Karanlığın Kralına Eş
AT_Imagination · Güncelleniyor · 182.4k Kelime
Giriş
Teeland'deki tüm kurt adamların Kralı olan Alfa, onlara karşı savaşmaya karar verdi ama kısa sürede vampirlerin yenilemeyeceğini fark etti. Başka bir seçeneği kalmayınca, onların Kralı ile Teslimiyet Anlaşması imzalamaya karar verdi.
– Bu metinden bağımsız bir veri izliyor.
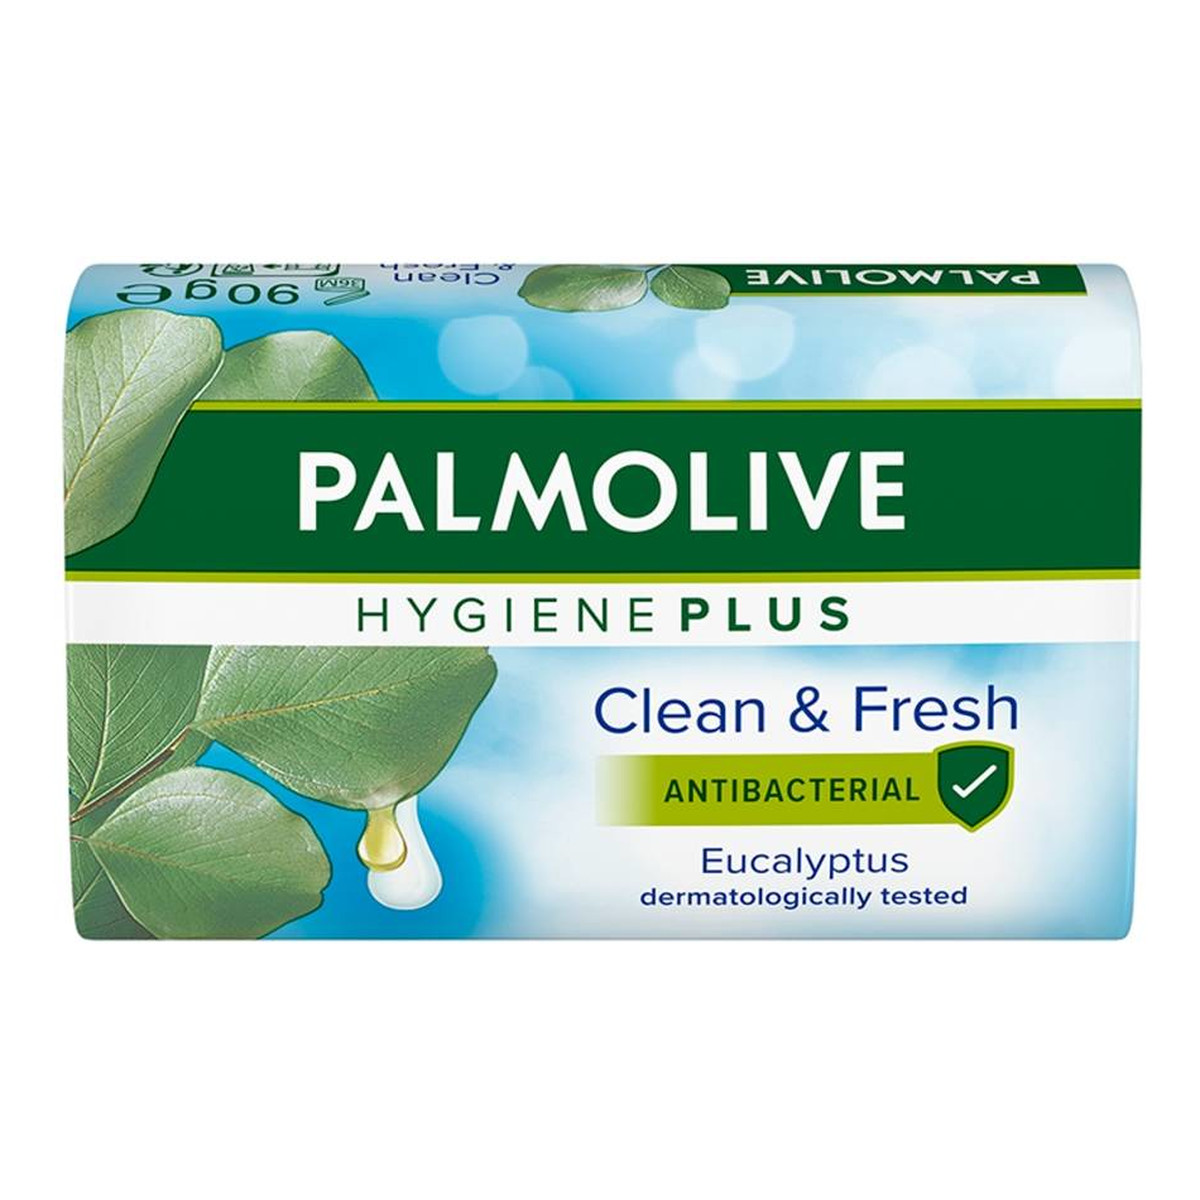 Palmolive Hygiene Plus Mydło antybakteryjne w kostce - Eucalyptus 90g
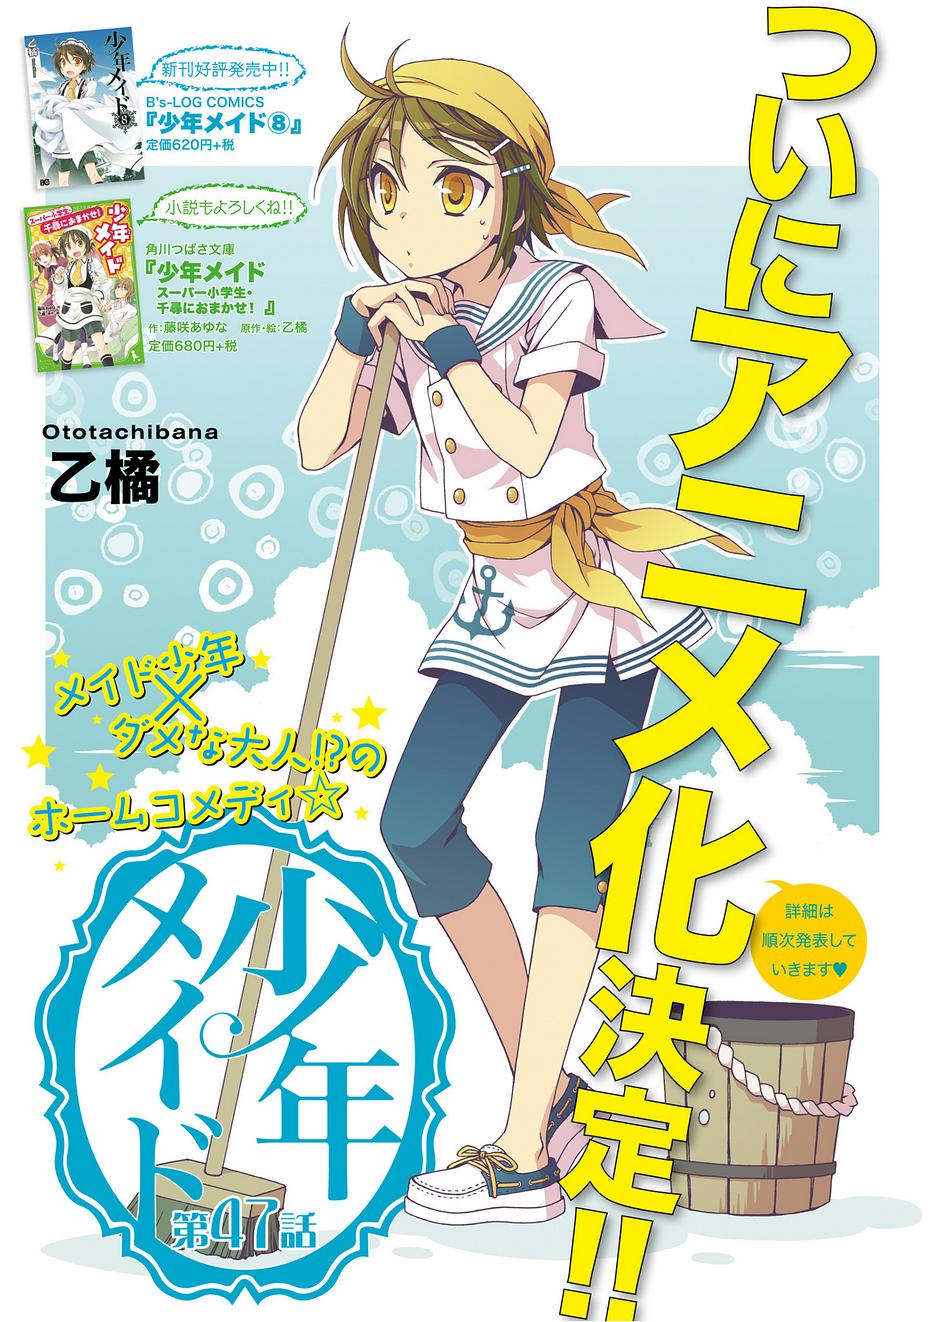 少年メイド 22話b Manga Townまんがタウン まんがまとめ 無料コミック漫画 ネタバレ

Her şey plana göre gidiyordu, ta ki Zezi kendini Karanlıklar Kralı olan Vampir Kralı ile tehlikeli bir bakışma içinde bulana kadar.
Bölüm 1
"Nihayet birini bulduk!"
"Şşş," dedi Zezi, altı yaşındaki kızını yatağa yatırırken. Mira, kahverengi kıvırcık saçlarıyla güzel ve tombul bir kızdı. Uykusunda hafifçe kıpırdandıktan sonra tekrar huzur içinde gülümsedi. Babası odaya dalıp girdiğinde yüzüne düşen kaş çatıklığını bu gülümseme silip süpürdü.
Zezi de gülümsedi, sonra kapıda hala duran kocasına döndü. Oldukça kaslıydı ve gri üniforması her zamanki gibi biraz dar geliyordu. Yorgun görünüyordu; genellikle iyimserlikle dolu olan kahverengi gözlerinde şimdi hayal kırıklığı vardı.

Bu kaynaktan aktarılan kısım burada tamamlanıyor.